On an inclined plane with angle θ, ignoring friction, acceleration of a block down the slope is?
g sinθ.
Define Work in physics, W=?
W=F·d·cos(θ) (force × displacement × cos of angle).
Kinetic Energy (KE) formula for mass m moving at speed v?
KE = (1/2)m v².
Potential Energy (PE) near Earth’s surface with mass m at height h?
PE = m g h.
Law of Conservation of Energy in closed system states…?
Total energy remains constant (KE + PE + other forms = constant).
Work-Energy Theorem in short form?
Net Work done = ΔKinetic Energy.
Power P is defined as?
Work done per unit time: P = W / t.
SI unit of Work or Energy is…?
Joule (J).
SI unit of Power is…?
Watt (W), i.e. Joule per second.
Mechanical advantage of a simple machine concept?
Ratio of output force to input force.
Formula for elastic potential energy in a spring (Hooke’s Law) with constant k?
PE_spring= (1/2)k x².
Hooke’s Law for spring force, F_s=?
F_s=−k x (restoring force).
Gravitational potential energy between masses (Newton’s universal)? (In general form)
U=−G(m₁m₂)/r.
If an object’s speed doubles, its kinetic energy changes by factor of…?
4 (since KE∝v²).
Work done by friction is positive or negative if motion is opposite direction of friction?
Negative.
If no friction, total mechanical energy is constant: T/F?
True.
Potential energy stored in an elevated mass is mgh. Doubling height does what to potential energy?
Doubles it.
Scalar or vector? Work is a…?
Scalar.
Calculate power if 100 J of work is done in 5 s.
Power=100/5=20 W.
One horsepower is about 746 watts: T/F?
True.
If Net Work=0, how does speed change?
It doesn’t change (no change in KE).
Momentum p= m·v. If both mass and velocity double, momentum changes by factor…?
4.
Impulse J=F·Δt. Also equals Δp, T/F?
True.
In an elastic collision, which two quantities are conserved?
Momentum and kinetic energy.
Unit of momentum in SI?
kg·m/s.
If total external force on a system = 0, total momentum is…?
Constant (conserved).
If two masses stick together after collision, it’s called…?

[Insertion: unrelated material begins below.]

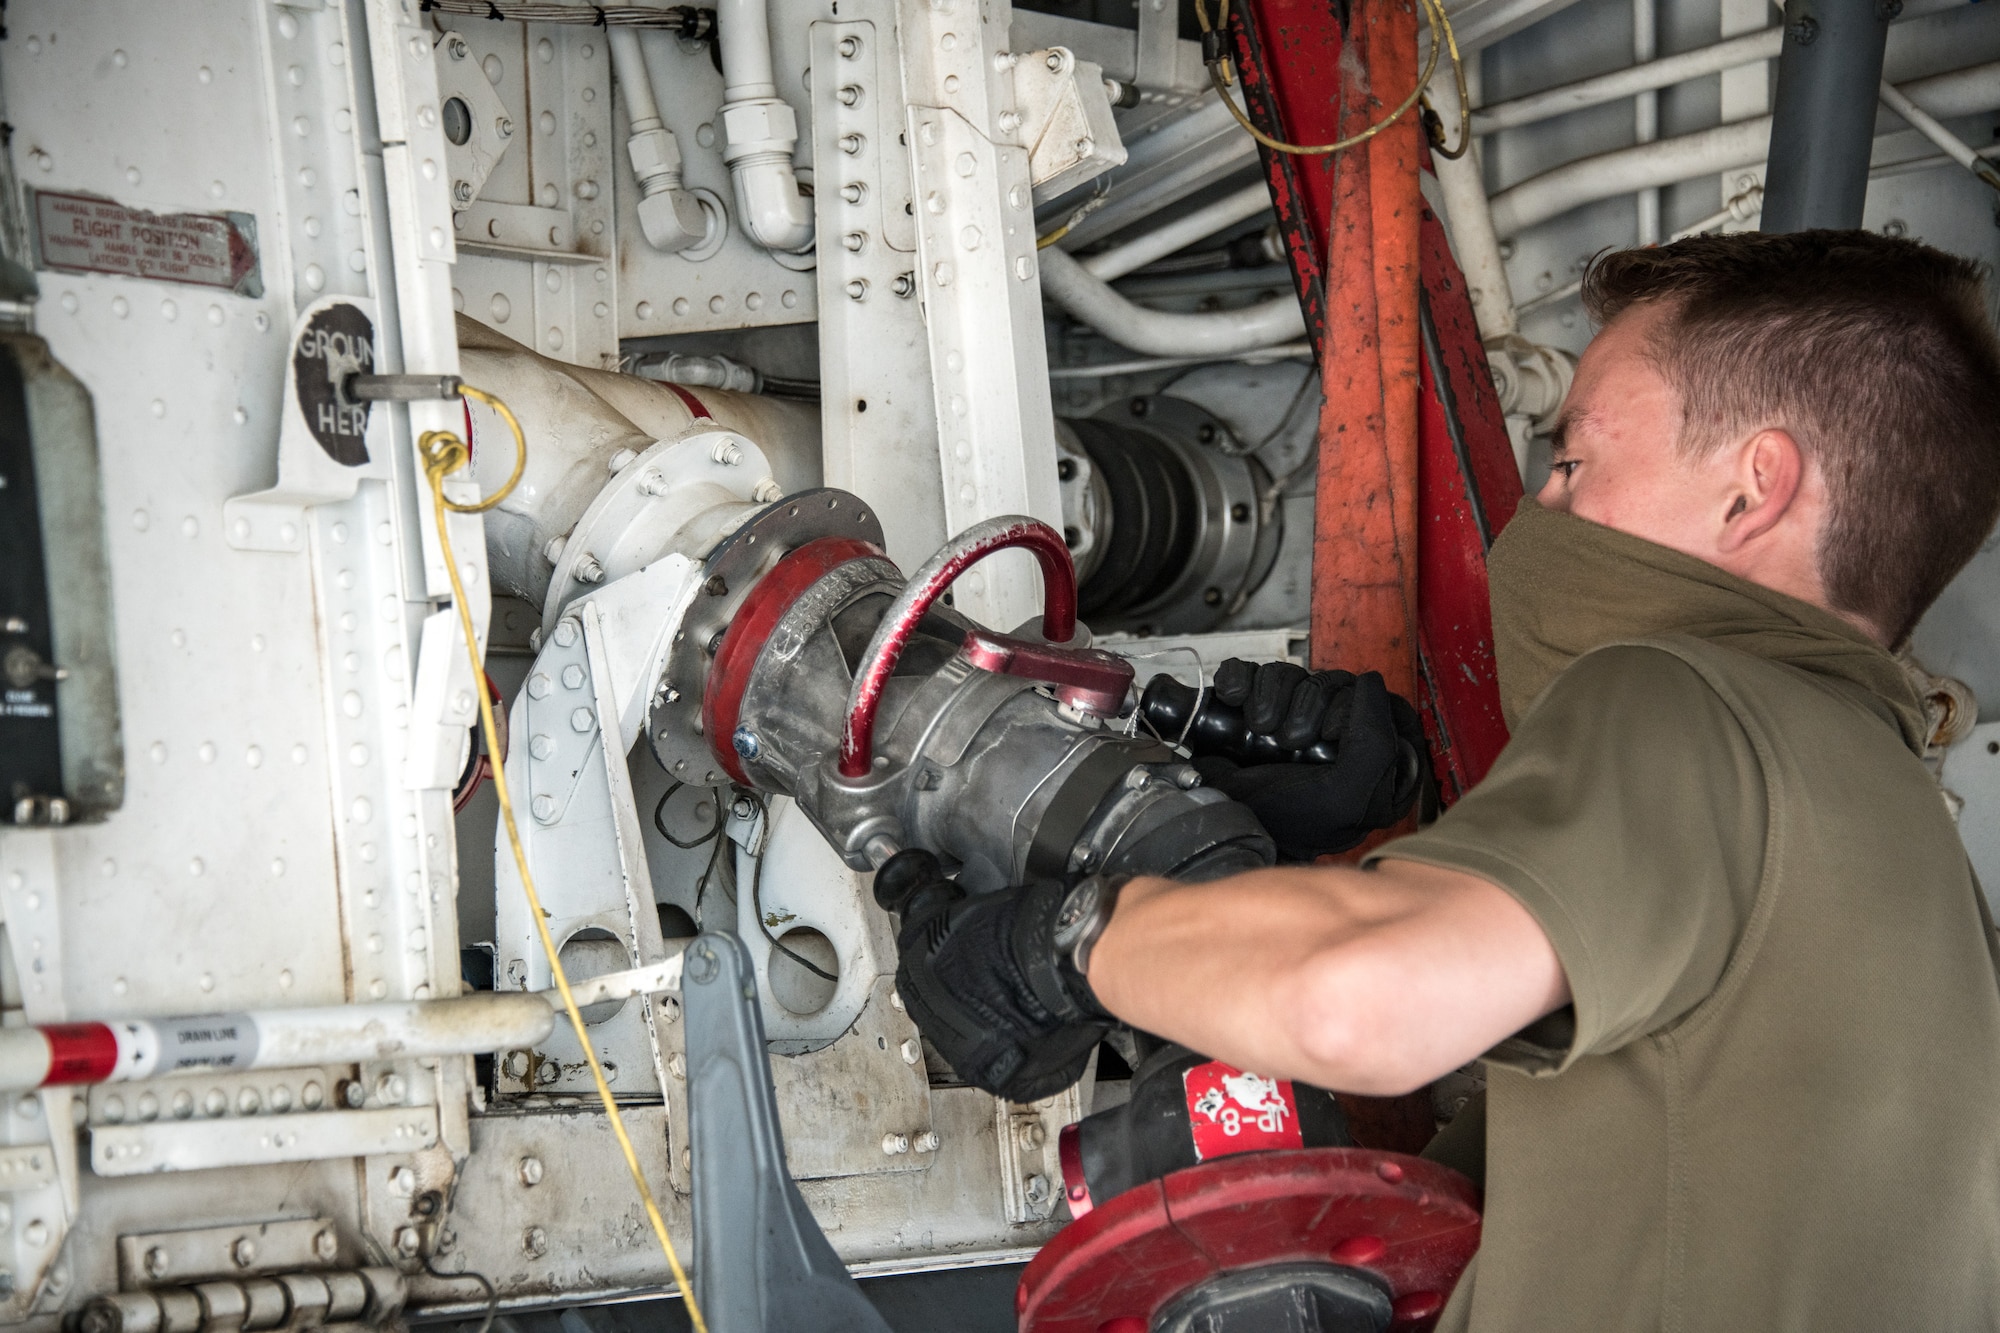 Royal Air Force member attaches fuel hose to aircraft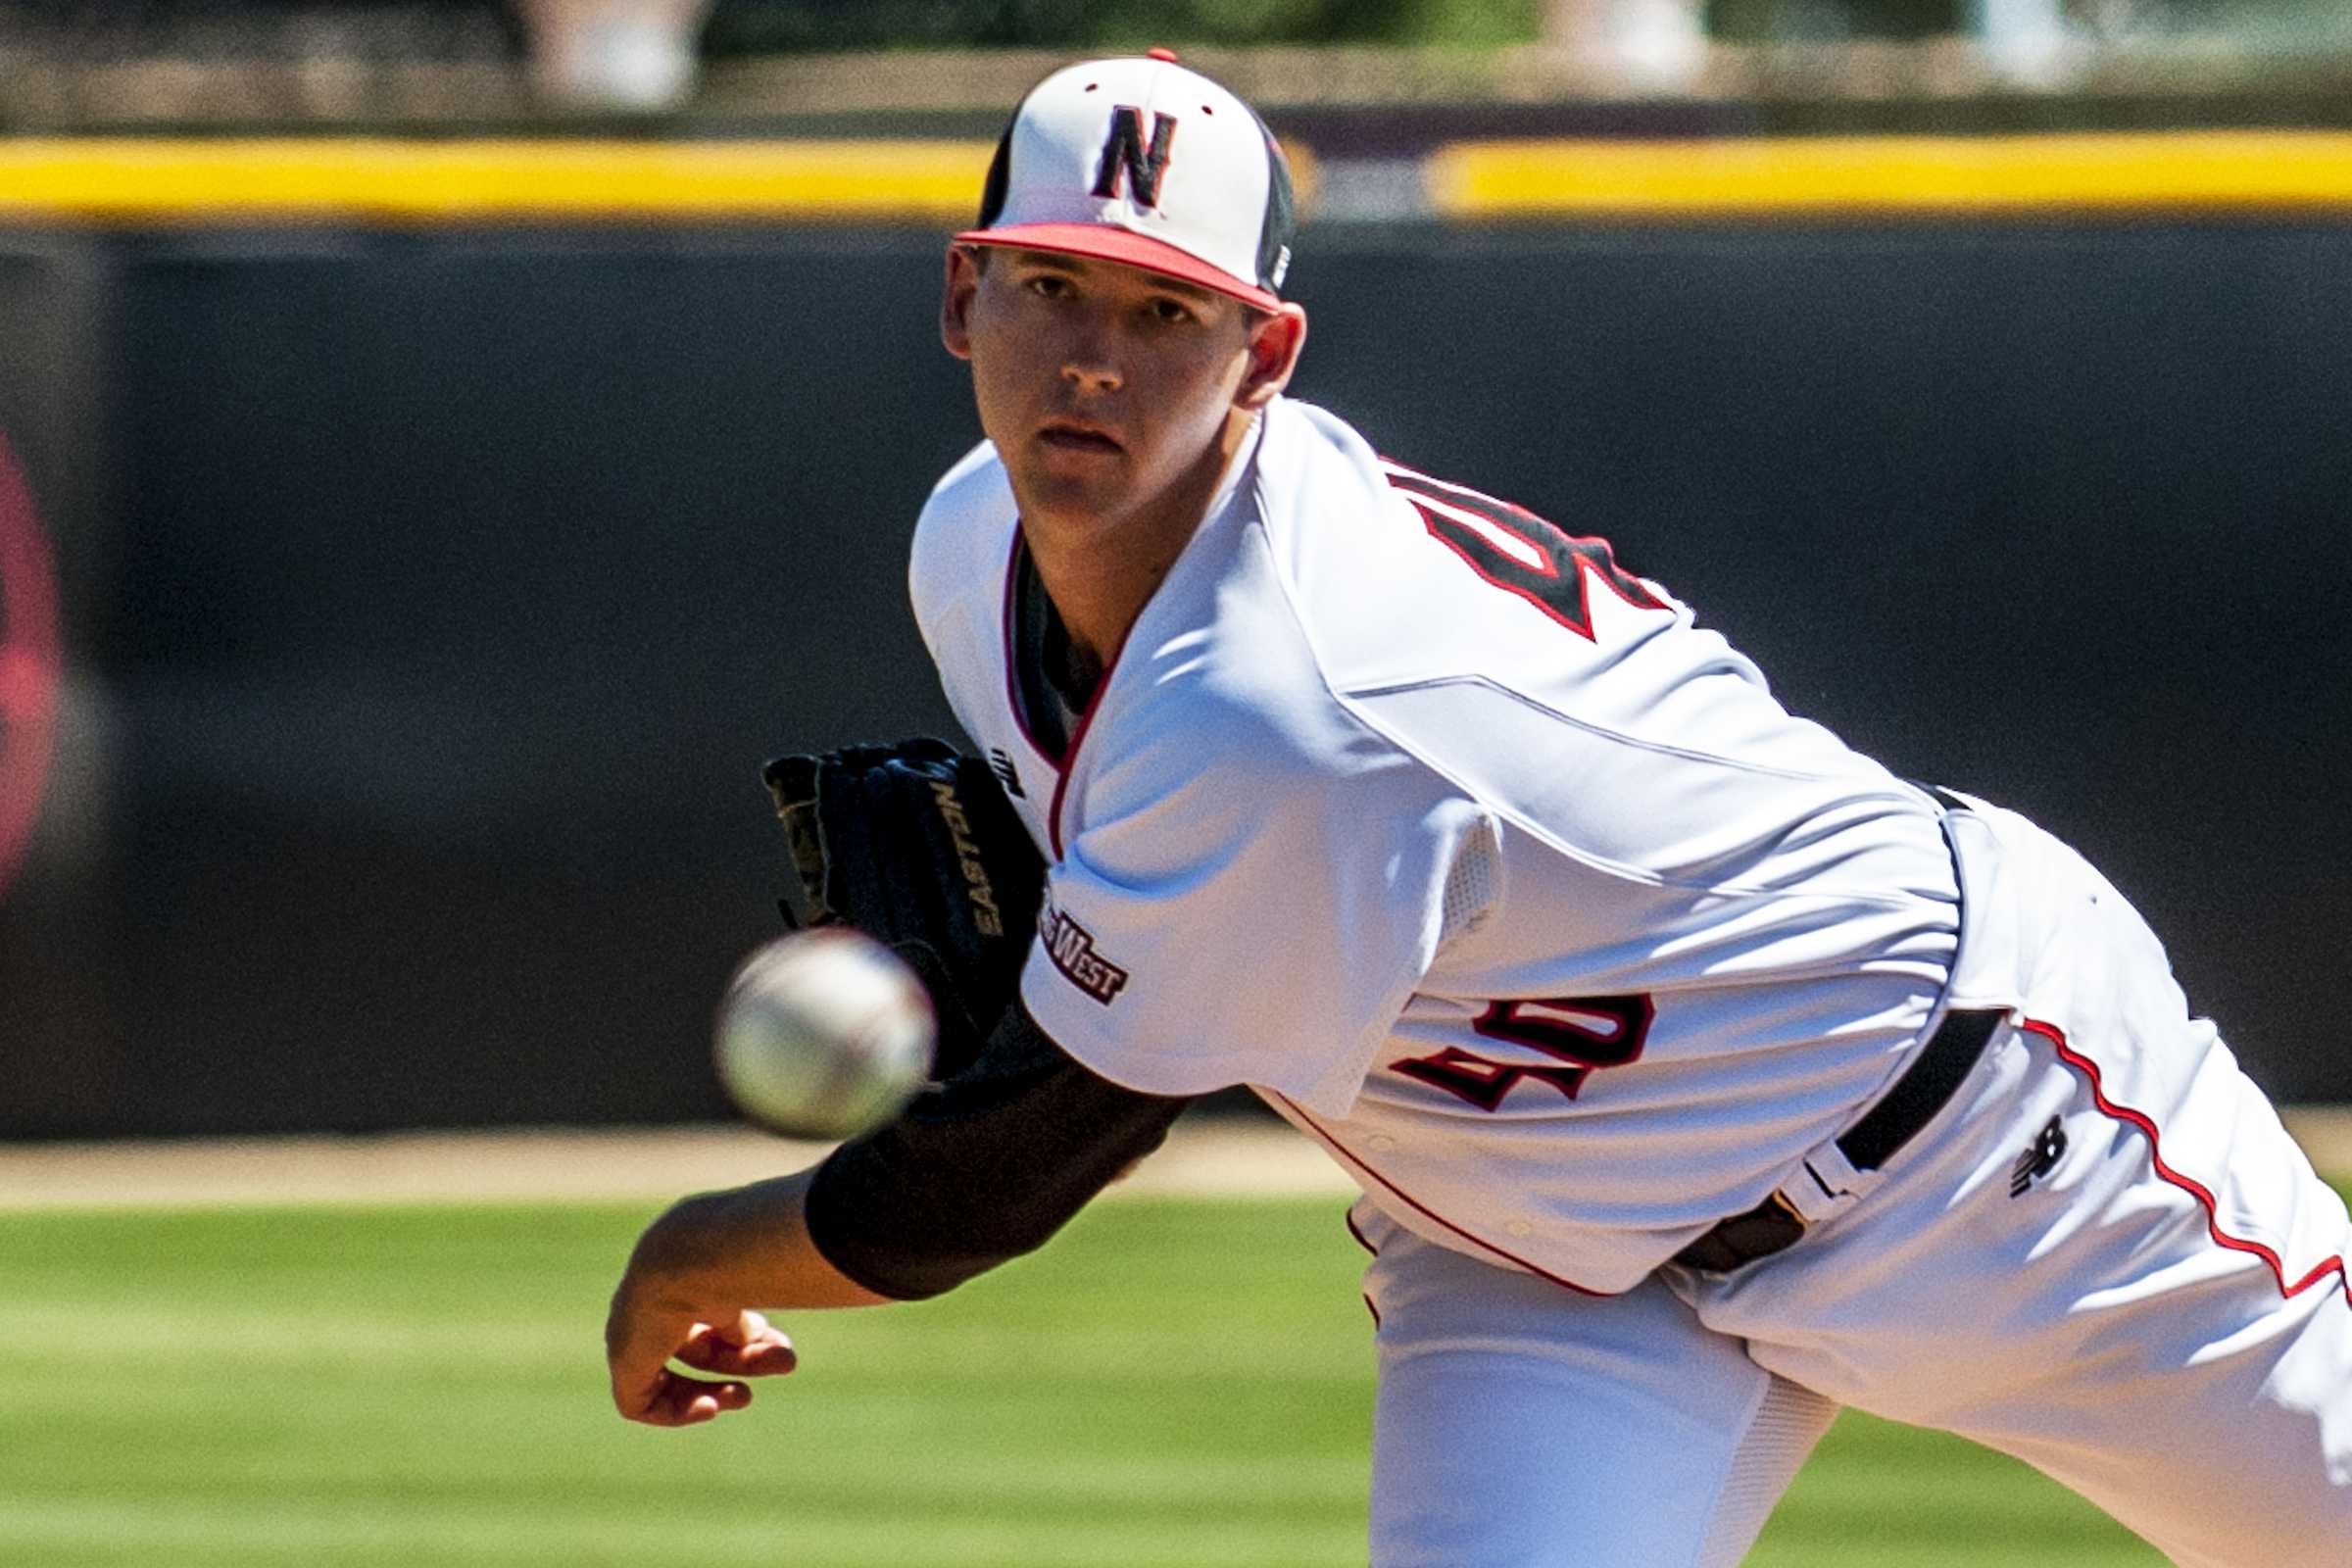 Senior+starting+pitcher+Jerry+Keel+controlled+the+game+as+he+garnered+his+fourth+win+of+the+season+against+Big+West+powerhouse+CSU+Fullerton%2C+Sat%2C+Mar.+28+at+Matador+Field.+%28Photo+Credit%3A+BHEphotos%29

Perfectly inelastic collision.
State the formula for ballistic pendulum or typical inelastic collision in short.
m₁v₁ + m₂v₂= (m₁+m₂)v_final.
If object’s momentum is zero, is speed definitely zero?
Yes, if mass is not zero.
Time to stop an object with certain impulse is shorter if force is bigger or smaller?
Bigger force => shorter time.
Collision with identical masses in a 1D elastic scenario: if one is at rest, the moving mass stops, the other moves with same speed. T/F?
True (the classic Newton’s cradle effect).
Define frequency f in terms of period T?
f=1/T.
Wave speed v=?
v= λ f (wavelength×frequency).
Hooke’s Law for a simple harmonic oscillator: F=?
F=−kx (restoring force).
Period of a simple pendulum (small angles) T=?
T=2π√(L/g).
Period of a mass-spring system T=?
T=2π√(m/k).
The amplitude of a wave is the maximum displacement from equilibrium. T/F?
True.
In a transverse wave, the medium vibrates perpendicular to wave direction. T/F?
True.
In a longitudinal wave, the medium vibrates parallel to wave direction. T/F?
True.
Resonance occurs when driving frequency = natural frequency. T/F?
True.
Sound is typically a longitudinal wave in air, T/F?
True.
Zeroth Law of Thermodynamics states…?
If A is in thermal equilibrium with B, and B with C, then A and C are in equilibrium.
First Law of Thermodynamics formula?
ΔU= Q−W (change in internal energy= heat in−work out).
Second Law of Thermodynamics in short?
Entropy of an isolated system never decreases.
Define temperature in a basic sense.
Measure of average kinetic energy of particles.
Heat conduction formula (Fourier’s Law) in short?
Q/t= kA (ΔT/Δx).
SI unit of heat or energy is the Joule: T/F?
True.
Define specific heat capacity c.
Amount of heat needed to raise 1 kg of a substance by 1°C.
In isobaric process, pressure is constant. T/F?
True.
In an adiabatic process, what is Q?
Q=0 (no heat exchange).
At phase change (e.g. melting), temperature remains constant as energy changes phase: T/F?
True.
Coulomb’s Law for electrostatic force F=?
F= k (q₁ q₂)/r².
Value of Coulomb’s constant k≈?
8.99×10⁹ N·m²/C².
Electric field E due to point charge Q at distance r=?
E= k Q/r².
Definition: Electric current I=?
Charge flow per unit time: I=ΔQ/Δt.
Ohm’s Law formula?
V= I R.
SI unit of Resistance is…?
Ohm (Ω).
In series circuit, how do we add resistances R?
R_total=R₁+R₂+….
In parallel circuit, how do we add resistances?
1/R_total=1/R₁+1/R₂+….
SI unit of electric charge is…?
Coulomb (C).
Definition of electric power P?
P= I V= I² R= V²/R.
Magnetic force on a moving charge q with velocity v in magnetic field B, F=?
F= q v B sin(θ).
Right-hand rule for magnetic force if charge is positive: T/F?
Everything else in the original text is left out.